On February 10, Hezbollah attacked two border positions of the Israeli Defense Forces (IDF) and downed a drone over southern Lebanon.
The group said in two separate statements, that its fighters fired rockets at the Biranit barracks and the site of Jal al-Alam. In another statement, it announced that it had downed and captured a Skylark reconnaissance drone of the IDF, noting that it was in “a good technical condition.”
The attacks were carried out “to support the steadfast Palestinian people in the Gaza Strip and in support of their brave and honorable resistance,” Hezbollah noted its statements.
In response to the attacks, the IDF said that its fighter jets carried out strikes against a building used by Hezbollah in the town of Bint Jbeil and an observation post in the town of Markaba in southern Lebanon.
It also announced that it struck a Hezbollah command center and another site used by the group’s air defense unit overnight.
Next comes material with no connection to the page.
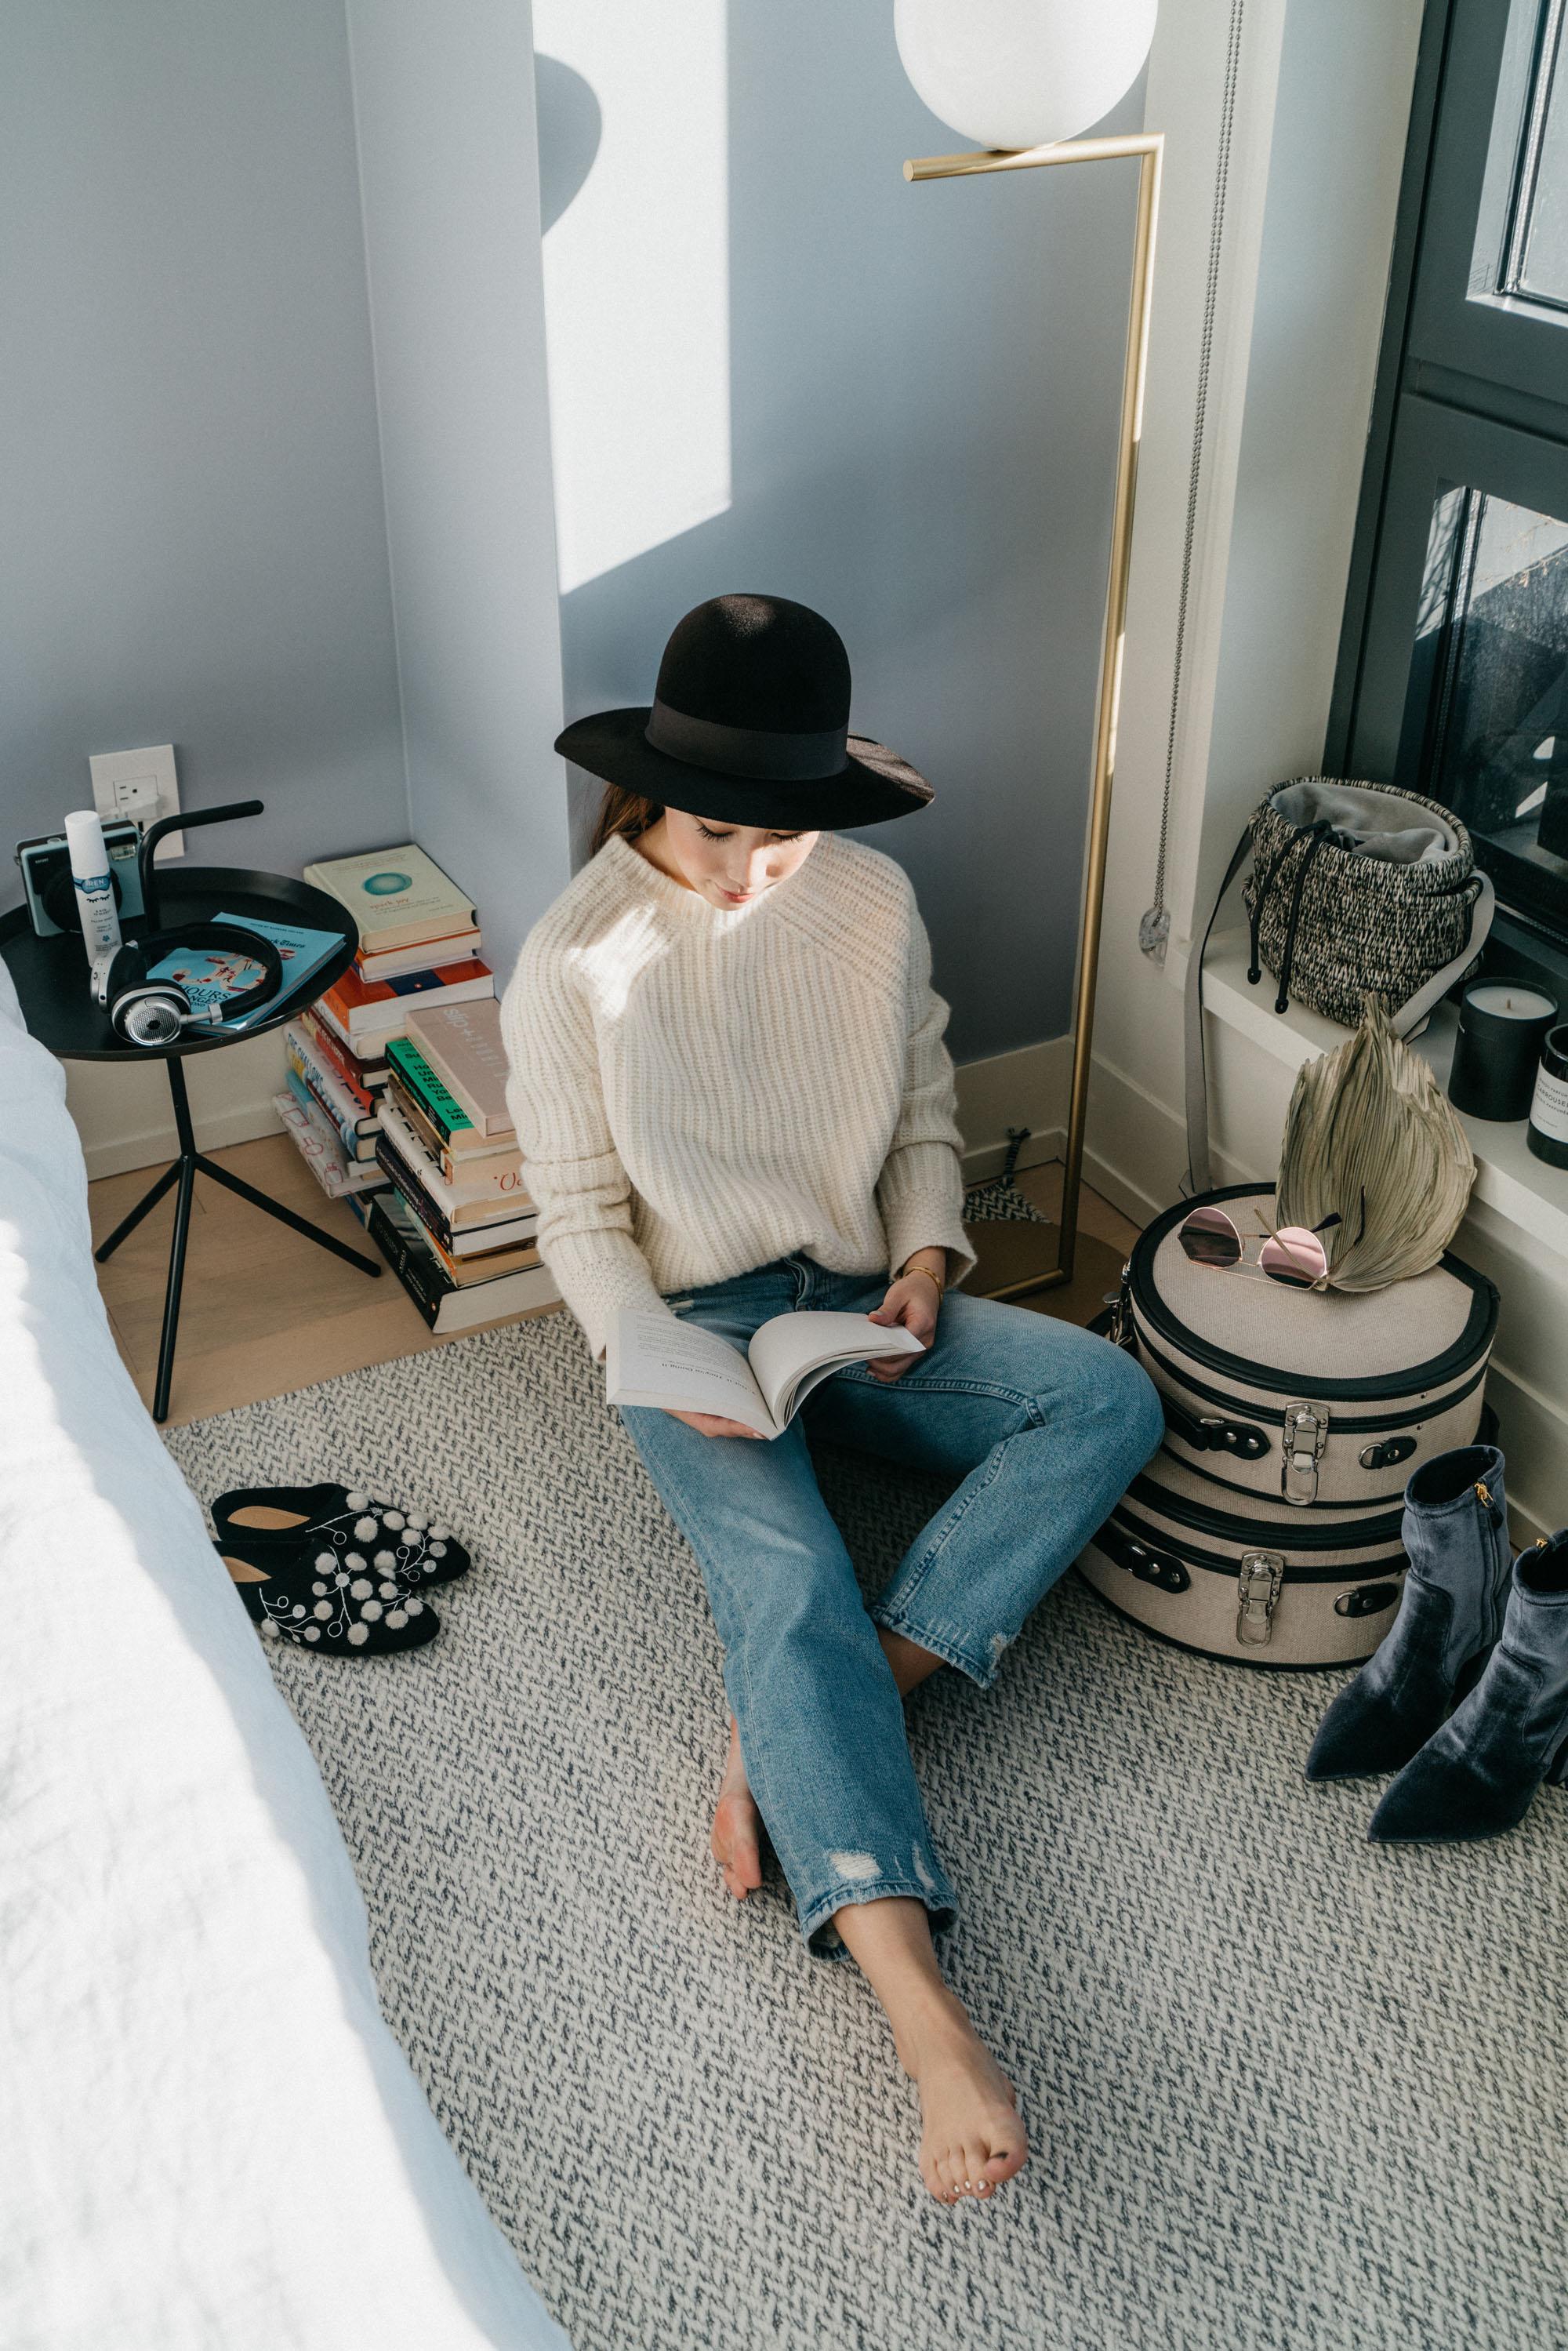 The Row Slippers , Nili Lotan Sweater,  Mother Denim , Saint Laurent Hat,  Fendi Sunglasses ,  Steamline Luggage , Prada Boots

Separately, Lebanese media said that a “double-tap” drone strike hit a vehicle in the town of Jadra, some 60 kilometers away from the border with Israel. The strike claimed the lives of three people, one of whom was reportedly a Syrian national.
A Palestinian security official tells AFP that the drone strike targeted a senior commander of the Hamas Movement, but he survived.
The commander in question was identified by The Times of Israel as Basel Salah, a Hamas member charged with recruiting and managing members of the group, including in the West Bank. Salah is believed to have been wounded in the drone strike.
Hezbollah later said that two of its fighters were killed on the “road to Jerusalem,” a phrase usually used to refer to members killed by the IDF during the ongoing confrontation.
The clashes on the Lebanese-Israeli border first broke out after the start of the war in Gaza, with Hezbollah and its allies, including Hamas and other Palestinian armed factions, carrying out attacks in support of the Strip.
As of February 10, the clashes on the Lebanese-Israeli border have resulted in six civilian deaths on the Israeli side, as well as the deaths of nine IDF soldiers. On the Lebanese side, more than 200 have been killed. The toll includes 177 Hezbollah fighters, 14 of whom were killed in Syria, 28 Palestinians, a Lebanese soldier, and at least 28 civilians.